Question: Find the natural frequency of oscillation of the system as shown in the figure. Pulleys are massless...

Question

Find the natural frequency of oscillation of the system as shown in the figure. Pulleys are massless and frictionless. Spring and string are also massless. (Take ${\pi ^2} = 10$ )

A) $\dfrac{\pi }{2}\,Hz$
B) $\sqrt \pi \,Hz$
C) $\dfrac{{10}}{{\sqrt \pi }}\,Hz$
D) $\pi \,Hz$

Answer 1

Solution

You can easily solve this question by considering how much each pulley, thus each string and thus the spring will move when the mass goes down by a length of $x$ . Using this, you can write the force on the string as ${F_{spring}}\, = \, - k{x_{acting}}$ and use the same to find the frequency of oscillation.

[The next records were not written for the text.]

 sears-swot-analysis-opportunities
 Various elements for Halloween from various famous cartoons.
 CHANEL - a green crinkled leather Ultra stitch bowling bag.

Complete step by step answer:
We will approach the solution exactly as told in the hint section of the solution to the question.
Let’s first see how the force applied due to the mass of $1\, kg$ is being divided between the pulleys and among the strings and spring.
Let us assume that the force is $F$ .
We can see that the lower pulley has two strings to support the weight. Hence, the force gets equally distributed between them. Thus, we can say that both sides now experience a force of magnitude of $\dfrac{F}{2}$ .
Now, the upper pulley experiences a total force of $\dfrac{F}{2}$ magnitude, which further gets equally distributed on both sides, thus, we can say that the spring and the string experience an equal force of magnitude $\dfrac{F}{4}$ .
Now, we will check what happens when the body moves down by a distance $x$ ,
When the mass of $1\, kg$ goes down by a distance of $x$ , the lower pulley also goes down by the same distance of $x$ . Since one side of the string is fixed, it can not move down by the distance $x$ , hence, the string attached to the upper pulley goes down by a distance of $2x$ . If it happens, the upper pulley would move down by a distance of $2x$ . Again, one side of the string is fixed, hence, spring will have to compensate for it by moving a distance of $4x$ .
Now, we have found out the force acting on the spring as well as the actual displacement of the spring when the mass goes down by a distance of $x$ .
We can write it mathematically as
$\dfrac{F}{4} = - k\left( {4x} \right)$
Further simplifying, we can write it as:
$\Rightarrow F = - 16kx$
The value of spring constant $\left( k \right)$ as given in the question is $25\,n/m$
Substituting the value of spring constant here, we get:
$\Rightarrow F = - \left( {16 \times 25} \right)x$
$\Rightarrow F = - 400x$
Now, we can confidently say that the object performs SHM with $\omega = \sqrt {400} = 20\,rad/s$
We already know that frequency can be given as
$f = \dfrac{\omega }{{2\pi }}$
Substituting in the value of $\omega$ , we get
$\Rightarrow f = \dfrac{{20}}{{2\pi }}$
Simplifying and then putting $10 = {\pi ^2}$ (approximation) as told in the question, we get:
$\Rightarrow f = \pi \,Hz$

Hence, the correct option is option (D).

Note:
Many students believe that if the object is moving down by a distance of $x$ each string and spring will do the same, which is a completely wrong assumption and causes them to lose marks. Also, always remember that this is the best approach to solve such questions.